[PROVIDED ENTRIES Boundary: Start]

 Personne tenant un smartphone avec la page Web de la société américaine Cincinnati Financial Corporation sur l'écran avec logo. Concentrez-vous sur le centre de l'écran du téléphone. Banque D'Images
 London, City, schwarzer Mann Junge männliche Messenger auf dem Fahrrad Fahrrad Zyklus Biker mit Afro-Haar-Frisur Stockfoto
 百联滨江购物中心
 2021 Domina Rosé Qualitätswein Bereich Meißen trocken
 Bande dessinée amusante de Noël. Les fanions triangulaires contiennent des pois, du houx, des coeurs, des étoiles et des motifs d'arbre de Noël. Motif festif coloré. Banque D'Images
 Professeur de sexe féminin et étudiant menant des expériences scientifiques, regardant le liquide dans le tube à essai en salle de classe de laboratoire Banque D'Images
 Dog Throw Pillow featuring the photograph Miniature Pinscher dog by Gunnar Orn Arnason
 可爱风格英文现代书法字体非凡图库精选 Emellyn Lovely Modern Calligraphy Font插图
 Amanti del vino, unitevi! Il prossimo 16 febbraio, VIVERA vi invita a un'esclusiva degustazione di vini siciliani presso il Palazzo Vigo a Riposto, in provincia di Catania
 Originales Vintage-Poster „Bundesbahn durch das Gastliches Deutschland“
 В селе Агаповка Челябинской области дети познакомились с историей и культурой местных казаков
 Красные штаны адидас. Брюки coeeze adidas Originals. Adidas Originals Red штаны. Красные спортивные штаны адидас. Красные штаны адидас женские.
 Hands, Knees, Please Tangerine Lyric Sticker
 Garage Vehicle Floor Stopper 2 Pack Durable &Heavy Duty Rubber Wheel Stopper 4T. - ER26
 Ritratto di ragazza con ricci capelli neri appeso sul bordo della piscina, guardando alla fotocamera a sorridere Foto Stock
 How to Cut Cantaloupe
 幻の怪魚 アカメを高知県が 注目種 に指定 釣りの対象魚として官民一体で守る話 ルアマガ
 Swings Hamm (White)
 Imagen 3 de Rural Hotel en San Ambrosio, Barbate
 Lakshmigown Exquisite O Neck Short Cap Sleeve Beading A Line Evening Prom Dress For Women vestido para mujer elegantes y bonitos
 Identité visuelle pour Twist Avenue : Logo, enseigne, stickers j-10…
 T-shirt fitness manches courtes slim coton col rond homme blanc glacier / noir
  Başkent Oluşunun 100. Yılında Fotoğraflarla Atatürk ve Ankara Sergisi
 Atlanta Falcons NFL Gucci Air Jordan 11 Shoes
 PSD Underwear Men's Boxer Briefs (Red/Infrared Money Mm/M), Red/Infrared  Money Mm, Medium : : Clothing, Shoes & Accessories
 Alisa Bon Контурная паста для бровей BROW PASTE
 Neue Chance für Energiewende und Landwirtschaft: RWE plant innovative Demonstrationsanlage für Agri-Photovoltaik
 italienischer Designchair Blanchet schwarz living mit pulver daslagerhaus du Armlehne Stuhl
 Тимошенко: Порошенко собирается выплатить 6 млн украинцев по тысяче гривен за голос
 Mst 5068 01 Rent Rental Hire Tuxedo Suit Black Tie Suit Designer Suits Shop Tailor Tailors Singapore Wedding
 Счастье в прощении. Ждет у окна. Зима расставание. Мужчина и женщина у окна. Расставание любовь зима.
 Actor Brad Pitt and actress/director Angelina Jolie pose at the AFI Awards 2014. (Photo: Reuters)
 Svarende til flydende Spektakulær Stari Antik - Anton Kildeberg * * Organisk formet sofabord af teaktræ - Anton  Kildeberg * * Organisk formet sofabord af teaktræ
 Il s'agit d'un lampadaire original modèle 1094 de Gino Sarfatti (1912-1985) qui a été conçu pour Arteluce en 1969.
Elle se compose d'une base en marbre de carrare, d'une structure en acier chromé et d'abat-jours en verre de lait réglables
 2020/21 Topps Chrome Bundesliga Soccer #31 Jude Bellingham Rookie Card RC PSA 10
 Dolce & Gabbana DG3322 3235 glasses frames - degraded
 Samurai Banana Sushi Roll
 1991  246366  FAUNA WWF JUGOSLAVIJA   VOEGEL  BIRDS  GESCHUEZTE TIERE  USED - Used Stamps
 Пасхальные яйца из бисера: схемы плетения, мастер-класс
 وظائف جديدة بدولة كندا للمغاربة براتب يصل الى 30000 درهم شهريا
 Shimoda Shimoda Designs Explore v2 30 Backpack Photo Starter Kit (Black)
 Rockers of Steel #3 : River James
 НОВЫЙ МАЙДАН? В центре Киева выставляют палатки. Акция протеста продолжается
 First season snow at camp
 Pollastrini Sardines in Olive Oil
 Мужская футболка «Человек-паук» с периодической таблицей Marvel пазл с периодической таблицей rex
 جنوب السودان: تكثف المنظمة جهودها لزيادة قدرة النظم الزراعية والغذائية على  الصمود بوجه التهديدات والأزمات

[PROVIDED ENTRIES Boundary: End]

▶ _INSTRUCTIONS TO FOLLOW_:
Your response should contain each line of the listing in which the word "Shoes" occurs.

▶ _THE COMPLETED TASK_:
 Atlanta Falcons NFL Gucci Air Jordan 11 Shoes
 PSD Underwear Men's Boxer Briefs (Red/Infrared Money Mm/M), Red/Infrared  Money Mm, Medium : : Clothing, Shoes & Accessories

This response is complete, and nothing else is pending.